Sure! Everything is here: info.usherbrooke.ca/hlarochelle/neural_networks/content.html
Hugo Larochelle
Thank you !
Hugo,
Can you also share the assignments/exams associated with the course ? It would help me calibrate how much of the material I have correctly assimilated.
you'll find 3 assignments here: info.usherbrooke.ca/hlarochelle/neural_networks/evaluations.html
thank you !
Thank you for the video it is very helpful!
Hello, can you pls explain how the hidden layer is updated as 0 or 1 after obtaining the probability (operating with the activation function) ?
Sure! Once you've computed the value of the sigmoid (let's call that value p), you sample the value of the corresponding unit by sampling a real number between 0 and 1 from a uniform distribution, and if that number is smaller than p, then you set the unit to 1. Otherwise, you set it to 0.
Hope this helps!
@6.44 at the first line the denominator should probably be sum(p(x|h')), not sum(p(x, h')).
Nope, it's indeed \sum p(x,h'). That is because we have p(h|x) = p(x,h) /p(x), and p(x) = \sum_{h'} p(x,h').
OMG THANK YOU!!!!!
My pleasure :-)
cool!
45 minutes of match and proof, no exercise, no code so far.

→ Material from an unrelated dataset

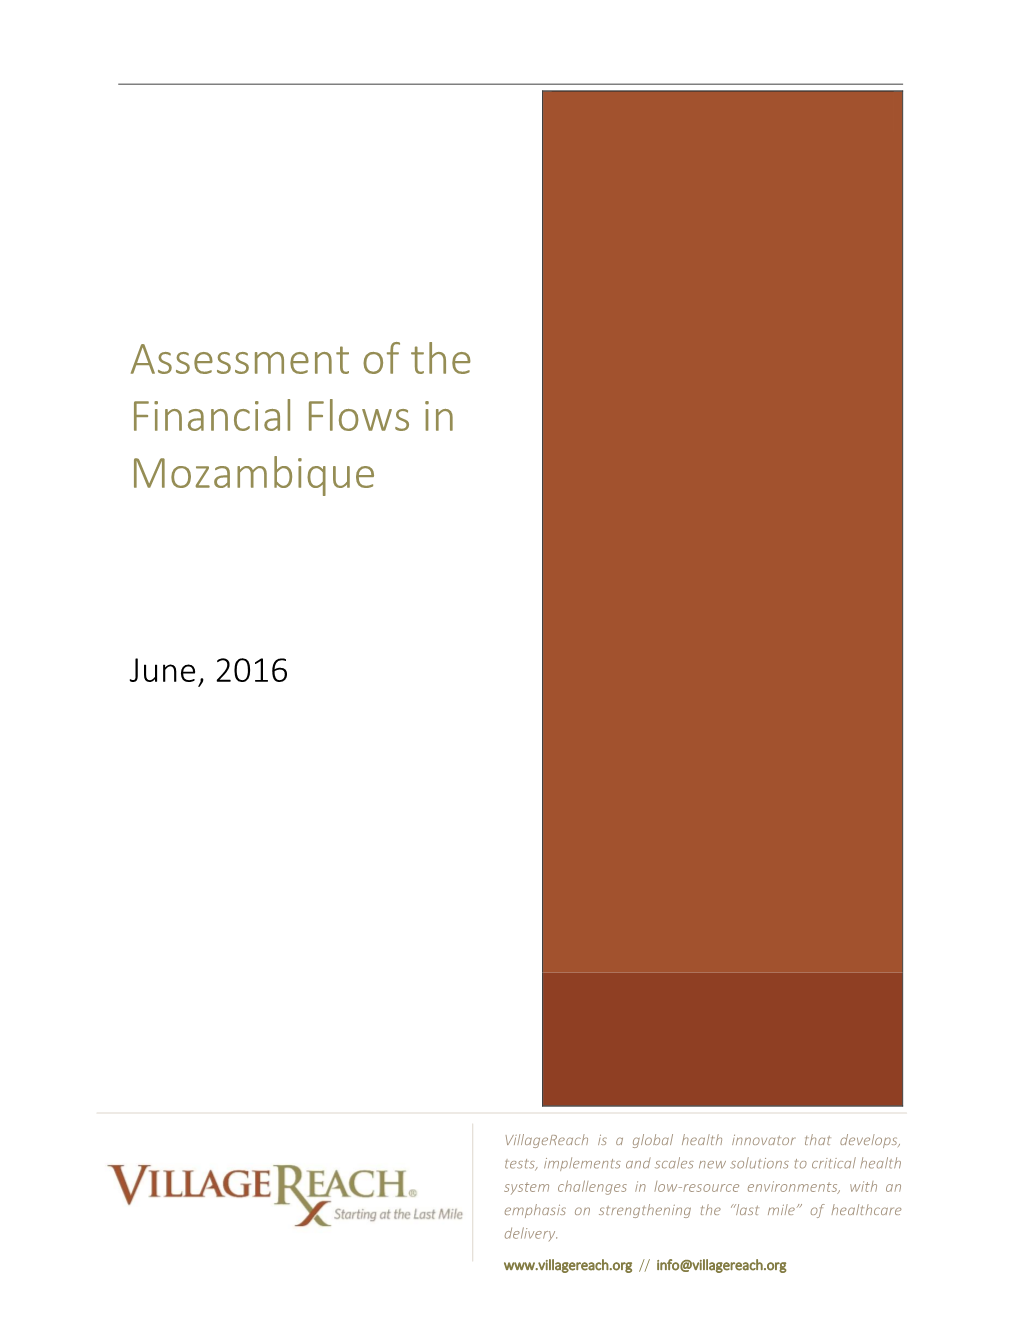 Assessment of the Financial Flows in Mozambique

Not saying I could do better, but maybe someone could.
You should understand this don't think any language could hold on in the future if you know this you won't have to worry in the future
You can skip these lectures if you know this material already. Otherwise, you cannot code anything on your own. You can always look for implementations by others though, but most probably you won't get a deep understanding of the subject that way.